Riskified Ltd. (“Riskified”), a fraud management platform enabling frictionless eCommerce, today announced the pricing of its initial public offering of 17,500,000 Class A ordinary shares at a public offering price of $21.00 per Class A ordinary share.
The offering consists of 17,300,000 Class A ordinary shares offered by Riskified and 200,000 Class A ordinary shares to be sold by one of Riskified’s existing shareholders. Riskified will not receive any proceeds from the sale of the shares by the selling shareholder. The underwriters will have a 30-day option to purchase up to an additional 2,625,000 Class A ordinary shares from Riskified at the initial public offering price, less underwriting discounts and commissions. The Class A ordinary shares are expected to begin trading on the New York Stock Exchange on July 29, 2021 under the ticker symbol “RSKD”.
The closing of the offering is expected to occur on August 2, 2021 subject to the satisfaction of customary closing conditions.
Goldman Sachs & Co. LLC, J.P. Morgan Securities LLC and Credit Suisse Securities (USA) LLC are acting as lead book-running managers for the offering. Barclays Capital Inc., KeyBanc Capital Markets Inc., Piper Sandler & Co., Truist Securities, Inc. and William Blair & Company, L.L.C. are joint book-running managers for the offering. Loop Capital Markets LLC, Samuel A. Ramirez & Company, Inc., Siebert Williams Shank & Co., LLC and Stern Brothers & Co. are acting as co-managers for the offering.
The offering is being made only by means of a prospectus. A copy of the final prospectus related to the offering may be obtained, when available, from Goldman Sachs & Co. LLC, Attn: Prospectus Department, 200 West Street, New York, New York, 10282, by email at email@example.com, or by telephone at 866-471-2526; J.P. Morgan Securities LLC, Attn: Broadridge Financial Solutions, 1155 Long Island Avenue, Edgewood, New York, 11717, by email at Prospectusfirstname.lastname@example.org, or by telephone at 1-866-803-9204; and Credit Suisse Securities (USA) LLC, Attn: Prospectus Department, One Madison Avenue, New York, New York, 10010, by email at email@example.com, or by telephone at 800-221-1037.

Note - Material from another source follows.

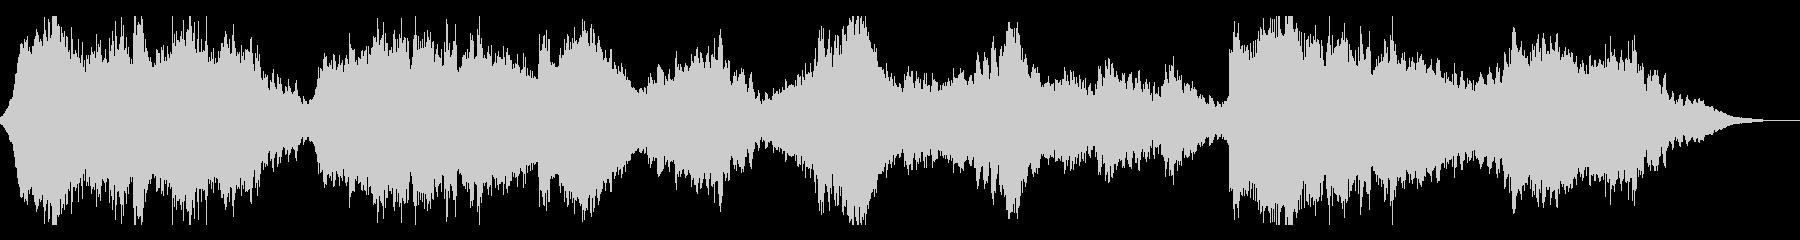 不気味なSF風サウンドスケープの未再生の波形

A registration statement on Form F-1 relating to these securities has been filed with, and was declared effective by, the SEC. This press release shall not constitute an offer to sell or the solicitation of an offer to buy these securities, nor shall there be any sale of these securities in any state or jurisdiction in which such offer, solicitation or sale would be unlawful prior to registration or qualification under the securities laws of any such state or jurisdiction.